Thanks for the heads up. I just pulled the trigger on a box of 10 (plus my usual annual order of Upmann Magnum 46s).


----------



## Cigar Noob (May 22, 2011)

This is the worst news my pocket has heard in a while. The Partagas Short is one of my top smokes, and I have been itching to explore the brand further. Looks like I have my next selection already decided. It's ramen this week... DADDY NEEDS SOME PARTAGAS!


----------



## usrower321 (Mar 27, 2011)

Cigar Noob said:


> This is the worst news my pocket has heard in a while. The Partagas Short is one of my top smokes, and I have been itching to explore the brand further. Looks like I have my next selection already decided. It's ramen this week... DADDY NEEDS SOME PARTAGAS!


Haha Jonathan maybe you should check this out

http://www.cigarforums.net/forums/vb/general-cigar-discussion/304560-please-think-ahead-use-budget.html


----------



## TonyBrooklyn (Jan 28, 2010)

Hey its only money enjoy life its way to short!
Besides whats wrong with Ramen.
Food for me personally was always the last on the list.
My top 5
Cigars
Cars
Women
Booze
Good food


----------



## usrower321 (Mar 27, 2011)

TonyBrooklyn said:


> Hey its only money enjoy life its way to short!
> Besides whats wrong with Ramen.
> Food for me personally was always the last on the list.
> My top 5
> ...


I know Tony I was just messing with Jonathan.

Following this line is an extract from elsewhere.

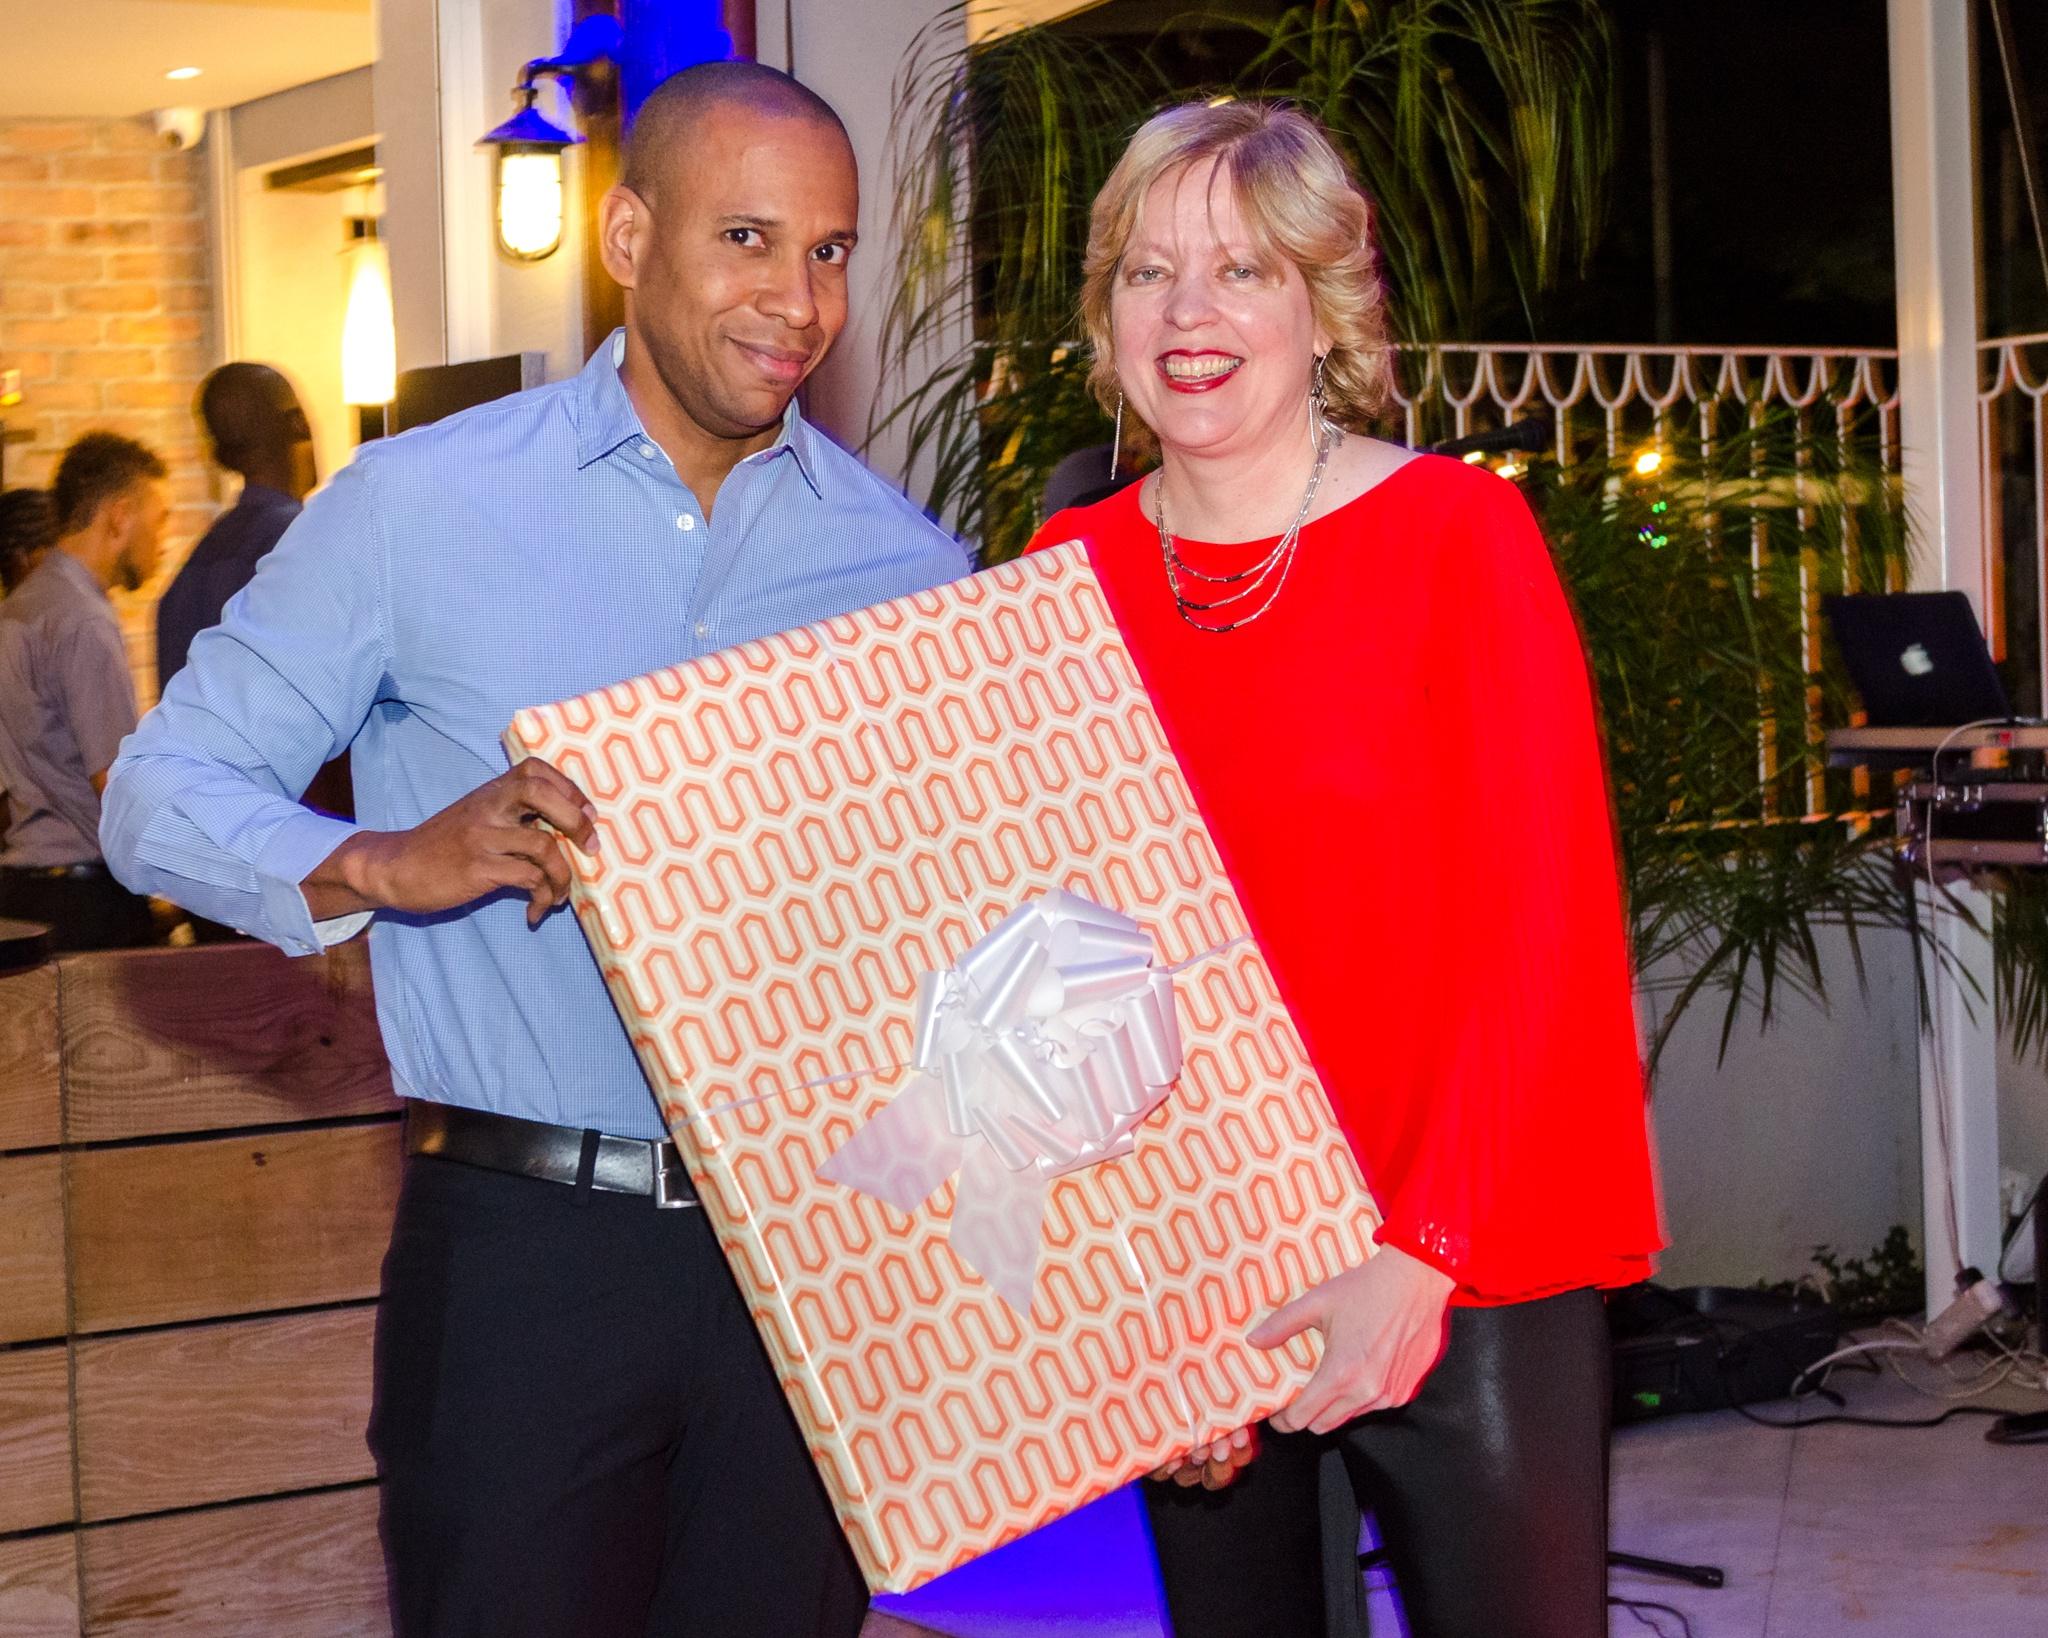 Anya Schnoor, Scotiabank's Head Caribbean South and East, presents David Noel's farewell gift - original artwork from his favorite artist

I had some Ramen yesterday actually haha. Cigars go above going out to eat for me and I buy beer and have people over instead of going out to the bars and waiting 10 minutes just to get an overpriced weak drink. Saves a heck of a lot of money.


----------



## apollyon9515 (Apr 10, 2009)

TonyBrooklyn said:


> Hey its only money enjoy life its way to short!
> Besides whats wrong with Ramen.
> Food for me personally was always the last on the list.
> My top 5
> ...


This is such a true statement its not even funny, I was talking to a co worker the other day and telling them that i spent 90% of my extra money on two things..... cigars and beer hah, a week later i showed him a 900$ order i had made on come CCs 

I like to think of cigars as a investment(makes the spending easier i suppose) I can either smoke them or sell them for what i paid for them if i have to.


----------



## doomXsaloon (Jul 25, 2011)

Just pulled the trigger on a box of 10!!! First CC purchase! First box purchase! Thanks again, Tony!


----------



## TonyBrooklyn (Jan 28, 2010)

Pleasure my brother!
Your gonna like them a lot i am sure of it!


----------



## flyinillini75 (Jun 7, 2007)

After reading your reviews and marketing on these I have decided I need to purchase some as well. Thanks for the information on these great smokes.


----------



## Blackham (Mar 26, 2010)

Totally agree with you Tony. The PSD 4 has always been a great smoke, consistent, great aging potential, and everytime you smoke one from the box you'd notice it's maturing. I'm on my 3rd last stick in the box now , thanks for reminding me to get more


----------



## TonyBrooklyn (Jan 28, 2010)

My pleasure my brother!
Thanks for picking tonight's cigar!


----------



## tpharkman (Feb 20, 2010)

SEP 2011s were looking good and smelling great when I opened the box this afternoon...late gift from Santa Castro.


----------



## usrower321 (Mar 27, 2011)

tpharkman said:


> SEP 2011s were looking good and smelling great when I opened the box this afternoon...late gift from Santa Castro.


Haha I just got my box in yesterday. Same deal on the september 11 box. I wish it were warmer so I could smoke one now, but it looks like I'll be putting them to sleep for a long time after their freeze


----------



## Mr_mich (Sep 2, 2010)

Glad to hear the good news, i have a box on the way, and am very excited!


----------



## TonyBrooklyn (Jan 28, 2010)

Glad you guys all got in on them you won't be disappointed!


----------